= Lost Legacy =

1941 novella by Robert A. Heinlein

Lost Legacy (1941) is a novella by science fiction writer Robert A. Heinlein.

The story was rejected by John W. Campbell for Astounding. It was then accepted by Frederick Pohl, and was published in the November 1941 issue of Super Science Stories under the title "Lost Legion" and the pseudonym Lyle Monroe. The story was collected as "Lost Legacy" under Heinlein's own name in the book Assignment in Eternity (1953).

Campbell, when rejecting the story, said that it was good, not great. However, Pohl said that "Some of Heinlein's early work came to me because John didn't have the wit to buy it". He also said that this piece was published under a pseudonym because he was only paying Heinlein "something like a quarter of a cent a word".

The novella is an exploration of the possibilities that humans, with the proper training, have the potential to make use of a wide range of telepathic and telekinetic abilities. It is based on the presumption that most, if not all, humans have innate psychic abilities, but simply do not know it and therefore do not make use of them. This ignorance is encouraged by a mysterious and powerful cabal which benefits from keeping people unaware of their abilities.

==Plot summary==
No date is given for the events, but they are in "a near future America" from the publishing date of 1941. Europe and Asia have suffered a "collapse" and the only significant technological advances mentioned are Picturephones and a "pocketphone".

The story begins with the rediscovery of innate human psychic powers by three friends, all from a California university: Joan a grad student; Ben, a surgeon and instructor at the medical school; and Phil a psychology professor. There are attempts by a corrupt elite to silence their discoveries, so they take a road trip to cool off and talk things over.

The road trip lands them near Mount Shasta around nightfall. In their tent, Joan declares that she wants to hike around the mountain the following day. Ben and Phil gallantly refuse to let her do so alone. After a good day hiking, Phil falls over a fern and breaks his fibula.

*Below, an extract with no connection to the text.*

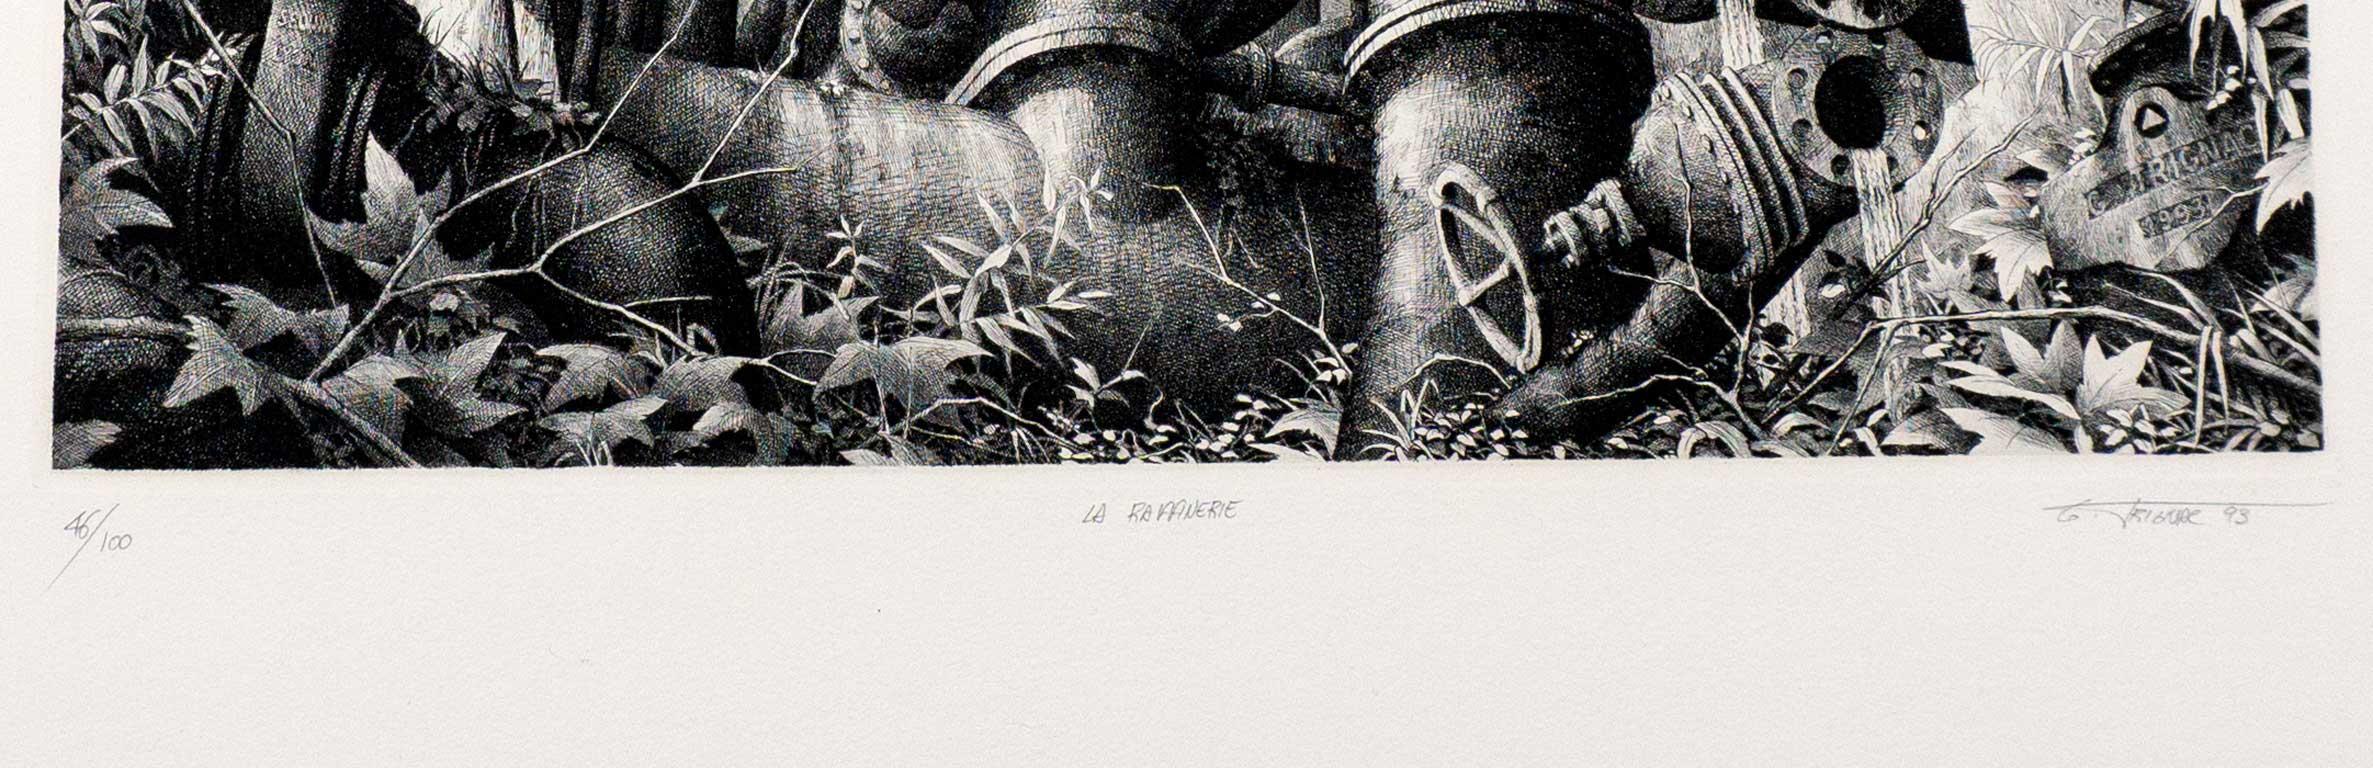 La Raffinerie - Surrealist Print by Gerard Trignac

He is rescued by Ambrose Bierce, the famous writer who disappeared and was declared dead in 1913 at age 71–72. This fictional Bierce is now over 100 years old but is as strong and robust as an outdoorsy fortysomething. This story's Bierce says he dropped out of society because he saw WWI and other troubles coming. Bierce causes Phil's fibula to heal overnight via hypnosis.

Bierce is revealed as one of a group of individuals who have developed their telepathic powers and all now live in secrecy on Mount Shasta in an elaborate cave structure. The caves are over 100 meters long with generous side rooms including a library filled with powerful ancient knowledge. The caves were discovered in modern times around 1782 by Junípero Serra two years before Serra "surrendered his soul to rest". The caves were then known to local First Nations people who showed them to Serra only after he swore an oath that he was a medicine man.

The current residents of the caves have learned to tap into an inner power that is a lot like The Force in Star Wars with less focus on fighting and more focus on art. Unlike Luke Skywalker whose talent with The Force seems to be a family trait, the abilities suggested in Lost Legacy are supposed to be in every human, needing only instruction and practice to master.

The people living in the cave claim that Mark Twain was one of them, as well as Walt Whitman and Oliver Wendell Holmes. As part of their program to protect America as a bastion of freedom they also invited Abraham Lincoln to join.

According to records found by the good adepts, humanity reached a high level of development in a Golden Age, but when their leaders decide to move on to a new plane of existence, a sub group decided to stay behind and use their skills to become dominant. After a great war humanity was thrown back to a Stone Age, there to start over.

After rescue by Bierce the three main characters are introduced to the residents of the cave and after a few weeks are invited to stay and receive further training. They accept. They then begin to spread information on how to use these psychic powers, particularly training Boy Scouts. After the evil cabal tries to stop them, battles occur between the two groups with the good adepts emerging victorious.

The story ends with a lyrical description of an empty Earth, since the human race has now evolved to a new plane of existence. An ape is beginning the long climb of his species to intelligence and psychic ability.